EXERCISE: Every line from the opening of the records to the line with "N-BIPHENYLMETHYLINDOLE MODULATORS OF" should be restated exactly, with both ends included and the pictures left out.

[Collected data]
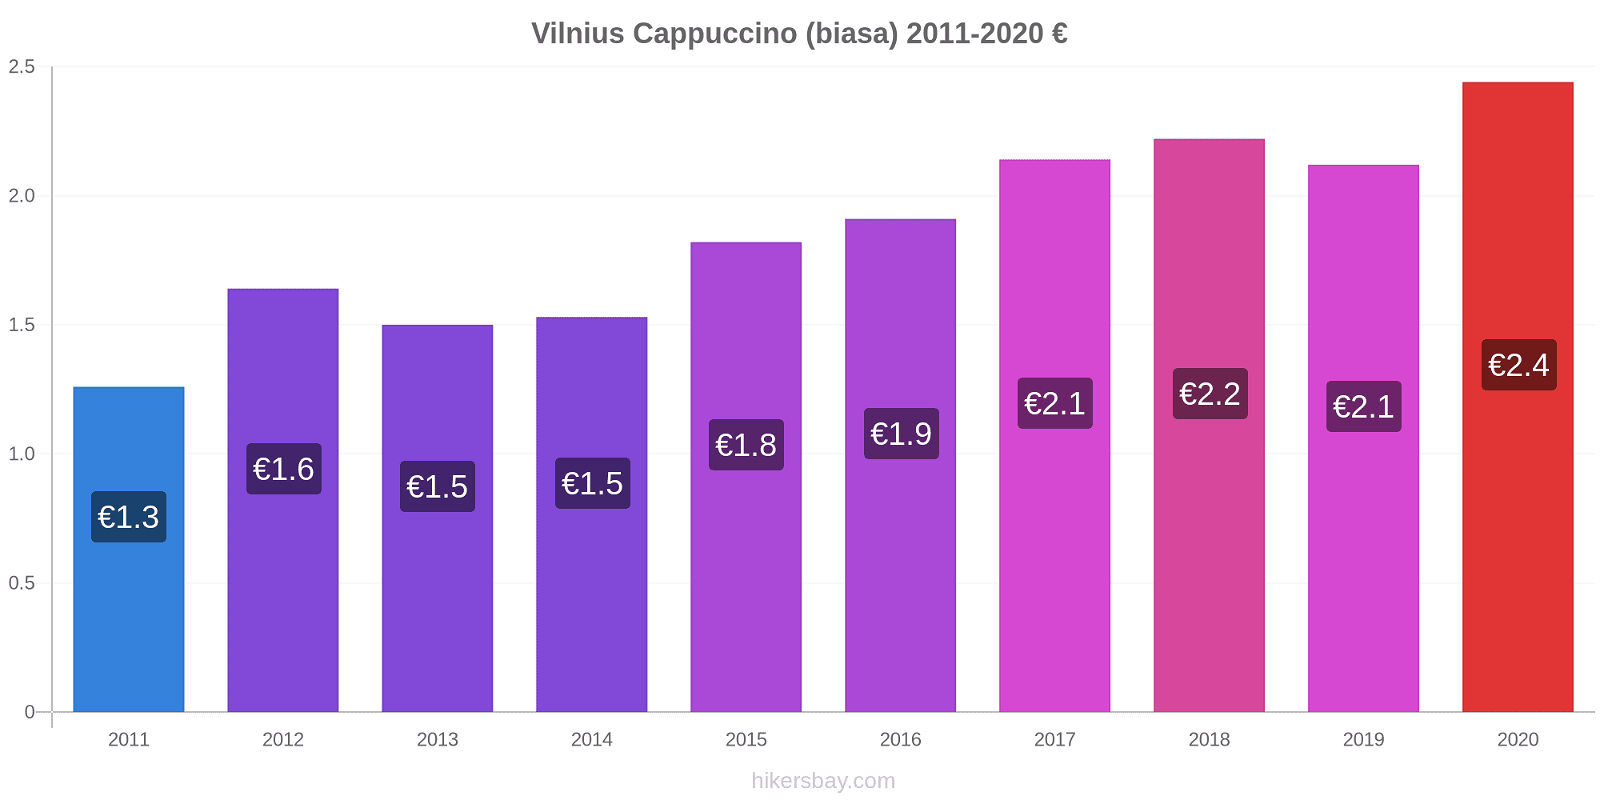 Vilnius perubahan harga Cappuccino (biasa) hikersbay.com
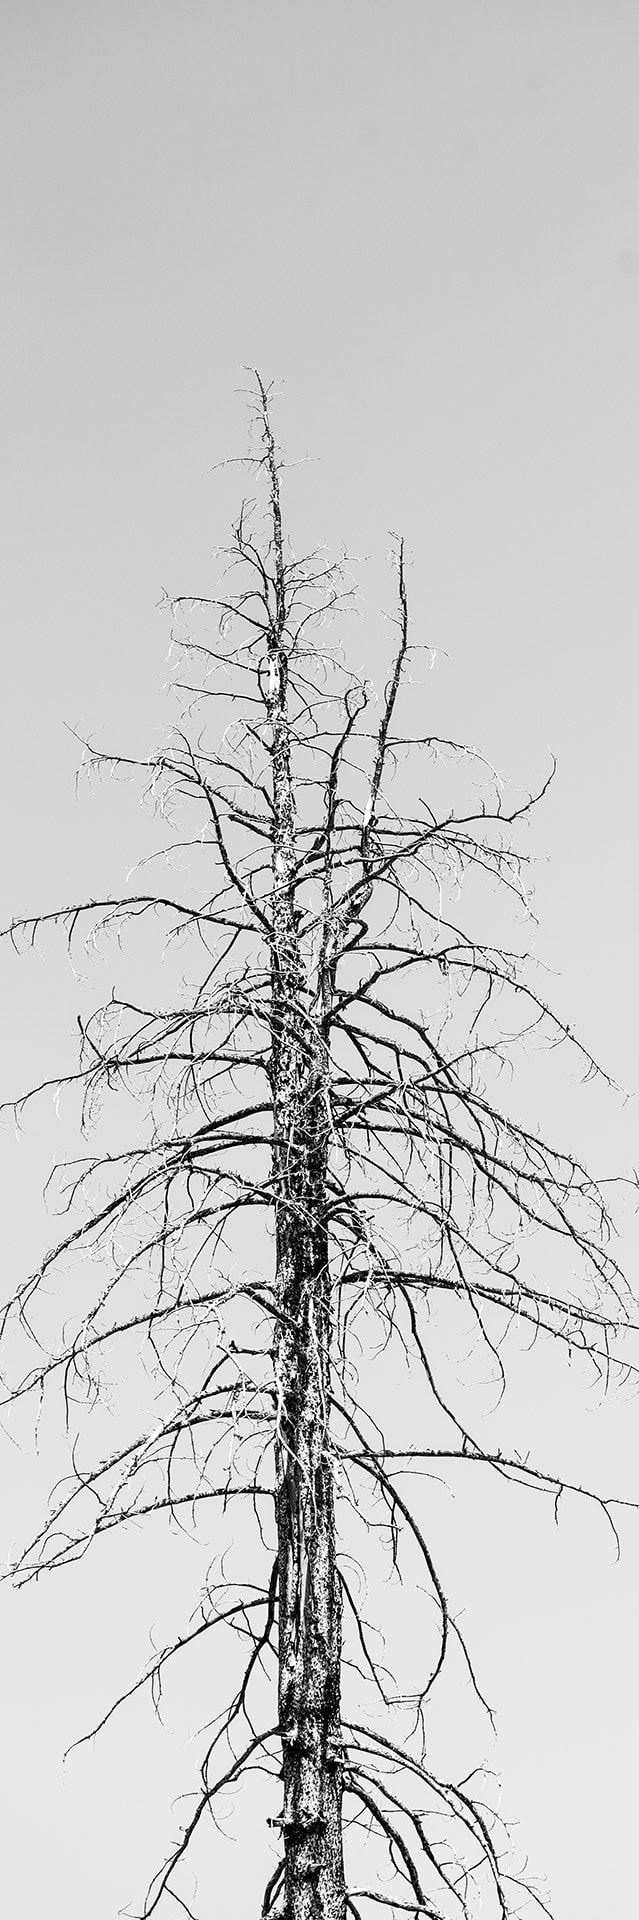 artnorama - Dead Tree
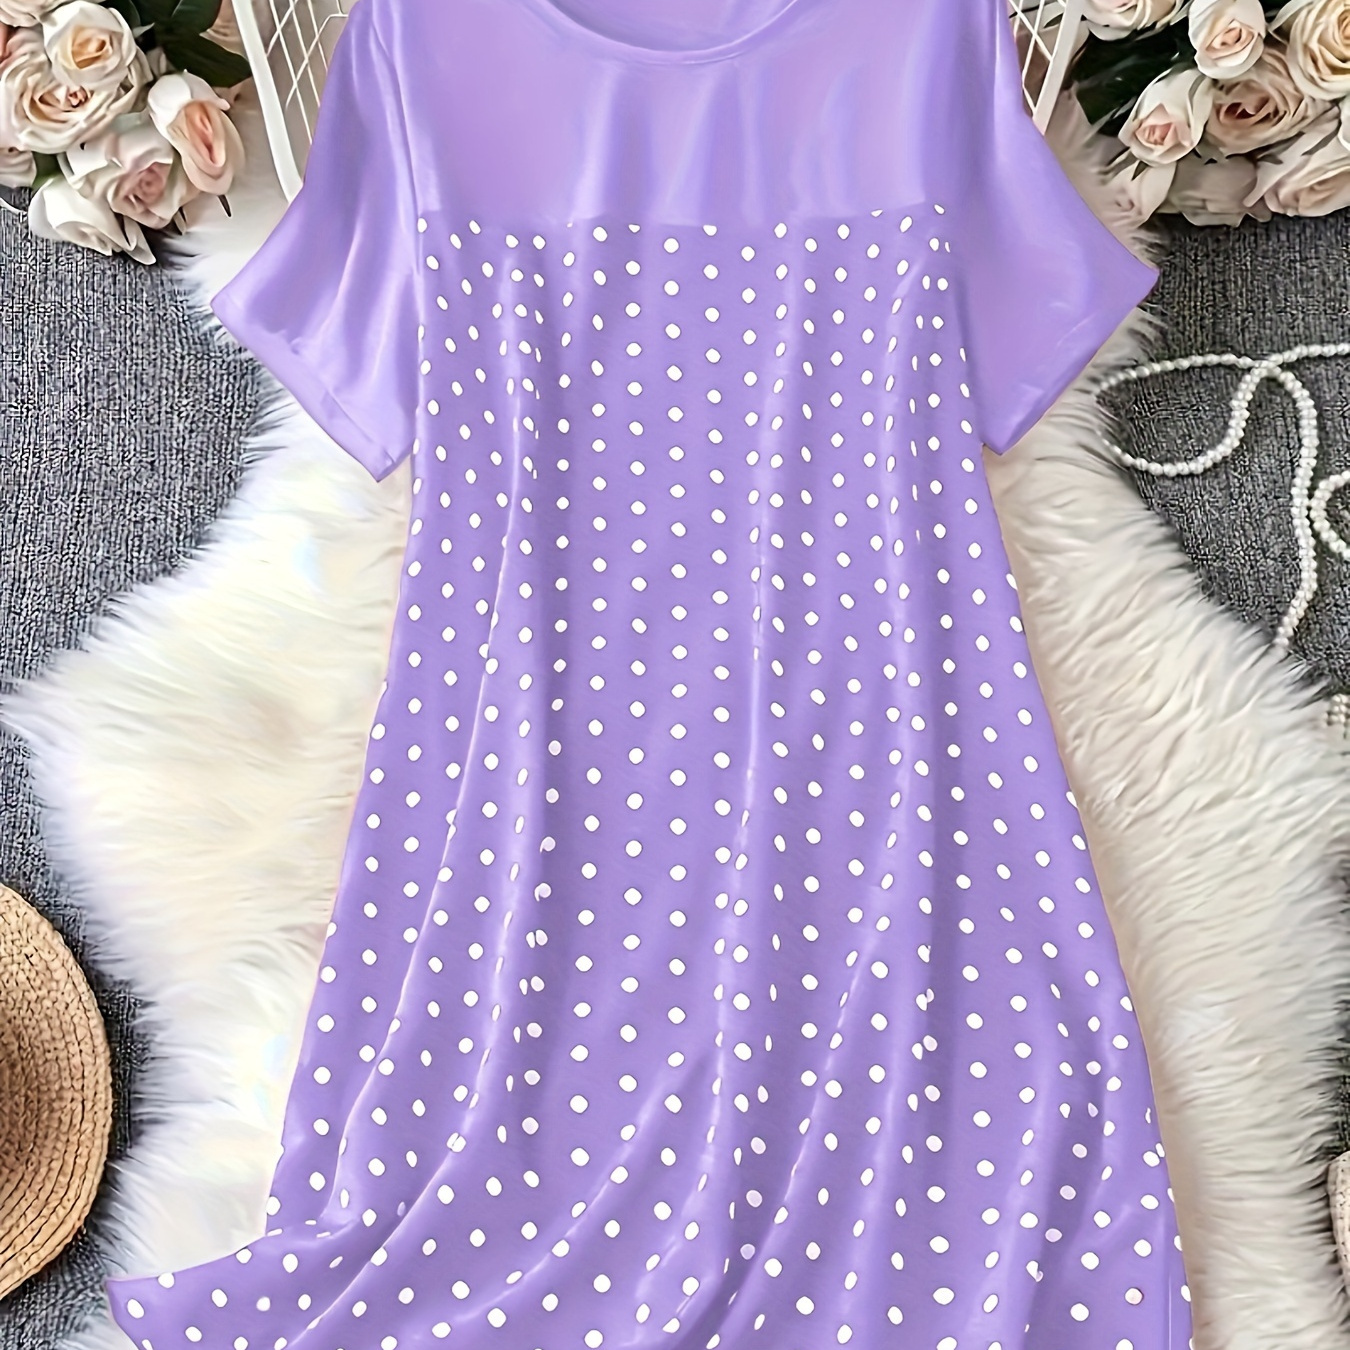 

Women's Plus Casual Nightdress, Plus Size Polka Dot Print Short Sleeve Round Neck Sleep Dress
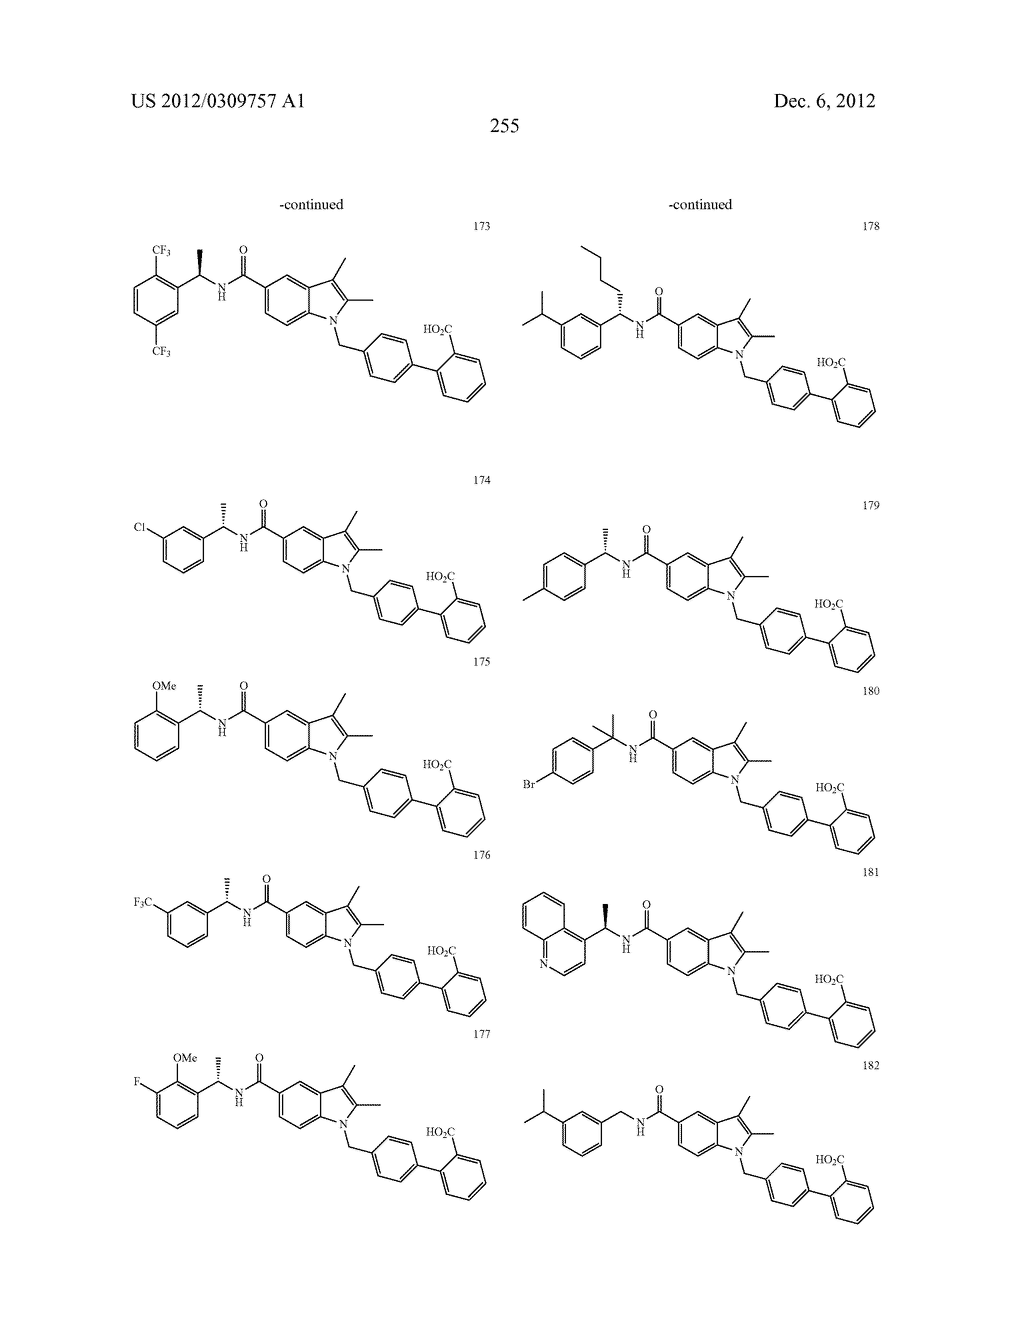 N-BIPHENYLMETHYLINDOLE MODULATORS OF PPARG - diagram, schematic, and image 270
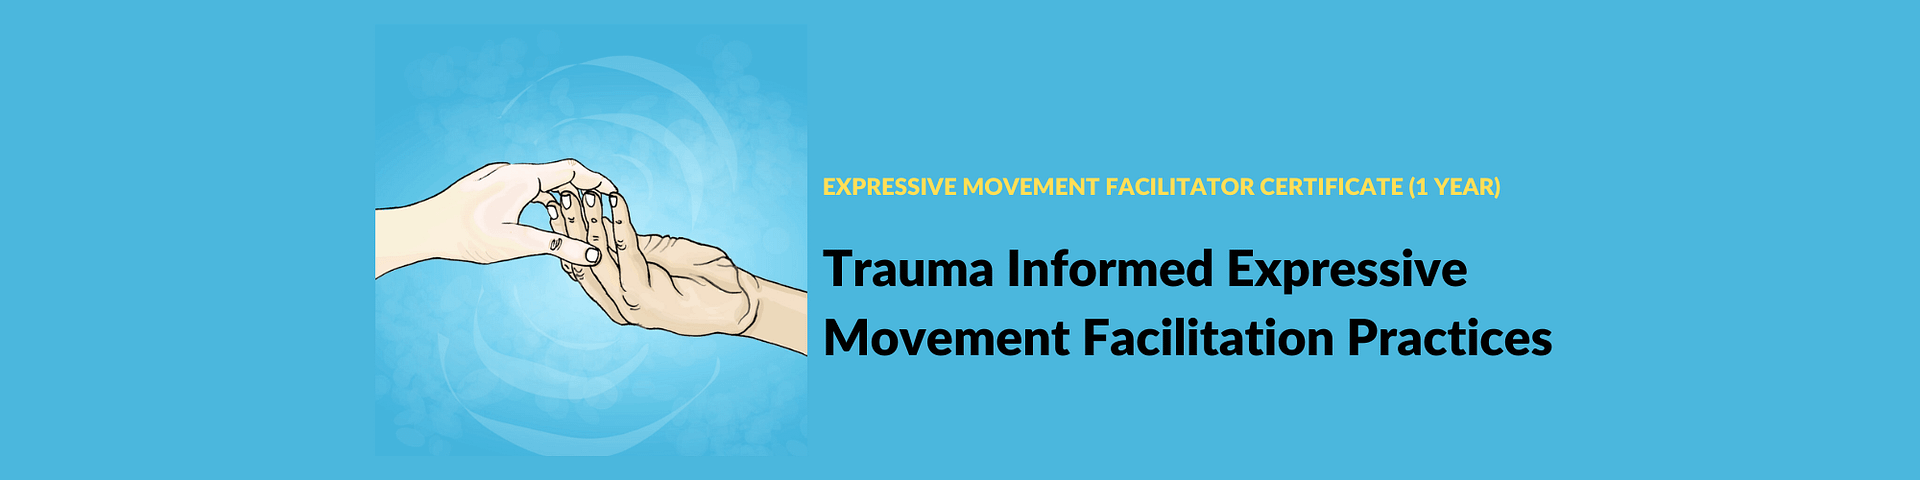 Trauma Informed Expressive Movement Facilitation Practices
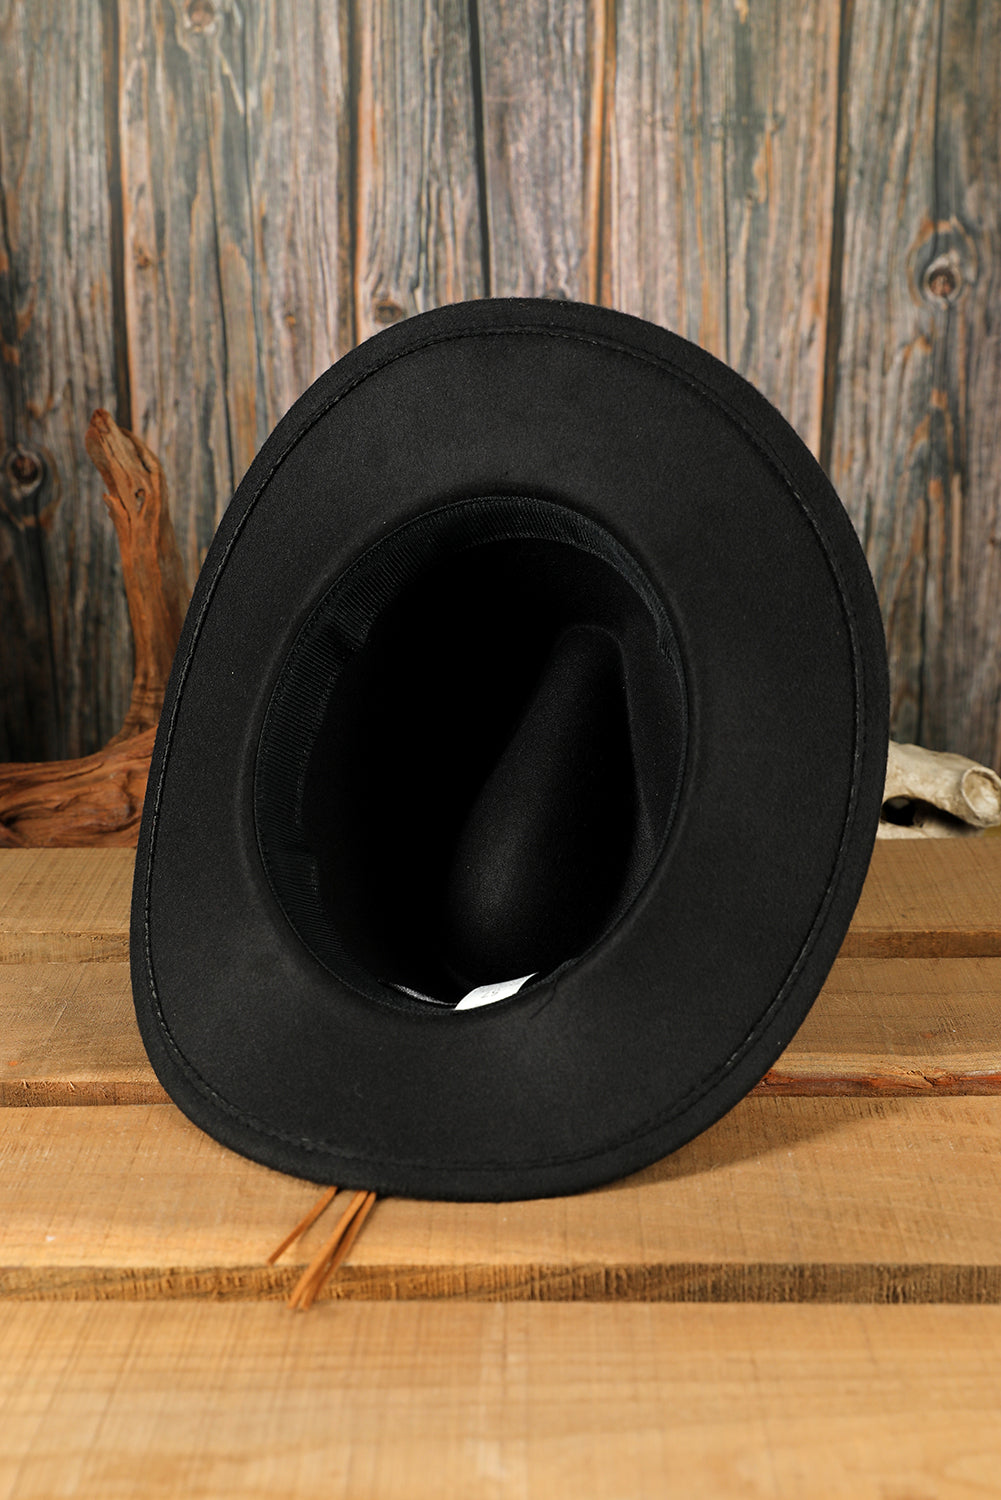 Black Metal Cowhead Western Cowboy Hat Hats & Caps JT's Designer Fashion

PROBLEM SOLUTION:
 Vilnius perubahan harga Cappuccino (biasa) hikersbay.com
 artnorama - Dead Tree

Women's Plus Casual Nightdress, Plus Size Polka Dot Print Short Sleeve Round Neck Sleep Dress
 N-BIPHENYLMETHYLINDOLE MODULATORS OF PPARG - diagram, schematic, and image 270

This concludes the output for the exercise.